# what is the best way to stop ferrets from biting you?



## mandiibabez (Feb 23, 2009)

i used to have ferrets one never bit me but the other would constantly chew on my finger hand and ears.. ive heard lots of different ways to stop them but i was just wondering from actual ferret owners what is the best way?? thanku


----------



## DKDREAM (Sep 15, 2008)

Hi If its a kit your talking about (a baby) then i sugest every time the ferret nips push your finger back into its mouth the ferret wont like it and will spit your finger out, just repeate this over and over


----------



## Kuroku (Oct 21, 2008)

I got mine to stop biting by saying "no" in a firm tone as I prise the jaws off (i.e. firm but no shouting). This worked for Joey who would lock onto my hand when playing. Surprisingly this worked well.
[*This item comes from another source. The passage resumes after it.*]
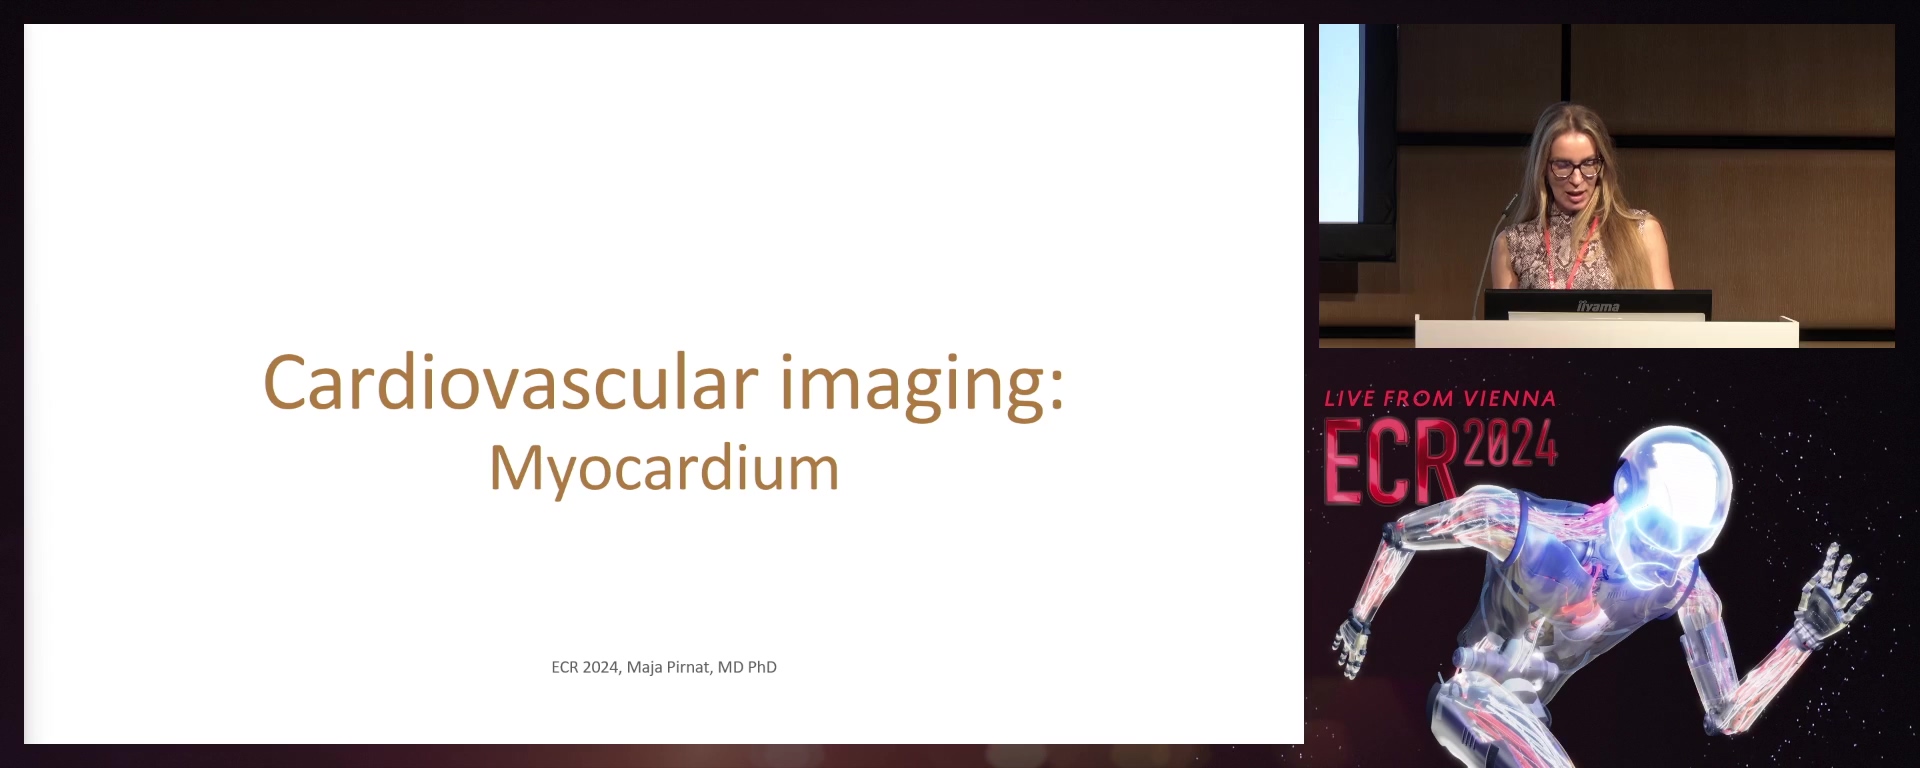 Cardiovascular imaging: myocardium

Nip training as this is called, is pretty much the same as training a puppy not to bite.


----------



## DKDREAM (Sep 15, 2008)

Yeah that works or you can make a hissing sound too


----------



## Akai-Chan (Feb 21, 2009)

I found that with my old ferret that tapping him firmly on the nose whenever he nipped worked. He didn't like me tapping his nose so he soon stopped. Combined with lots of handling it worked a treat 

Peace
Akai-Chan


----------



## ChrisTheGerbilGuy (Aug 9, 2008)

Akai-Chan said:


> I found that with my old ferret that tapping him firmly on the nose whenever he nipped worked. He didn't like me tapping his nose so he soon stopped. Combined with lots of handling it worked a treat
> 
> Peace
> Akai-Chan


You're not actually suppose to tap a ferret on the nose, they have a huge amount of nerves there, it can actually make them want to bite more 

I don't have any biters now but when i used to, i would scruff them and say a firm no, then drag them across the carpet for about a metre. Sounds horrible but it just shows that you're more dominant :thumbup:


----------



## ferretwumun5 (Mar 5, 2009)

i got my lot to stop biting by saying no bite mum followed by either pushing them away or a tap on their hind flank didnt always work they soon got the message now its only little leah who thinks ankles are fresh meat  and has a wee chew suppose we all have diffirent ways of dealing with biters


----------



## Akai-Chan (Feb 21, 2009)

Nothing else worked with mine, I tried the firm 'No' and hissing, but nothing worked. I didn't tap their nose hard, just firmly enough to let them know they biting is bad.

Peace
Akai-Chan



ChrisTheGerbilGuy said:


> You're not actually suppose to tap a ferret on the nose, they have a huge amount of nerves there, it can actually make them want to bite more
> 
> I don't have any biters now but when i used to, i would scruff them and say a firm no, then drag them across the carpet for about a metre. Sounds horrible but it just shows that you're more dominant :thumbup:


----------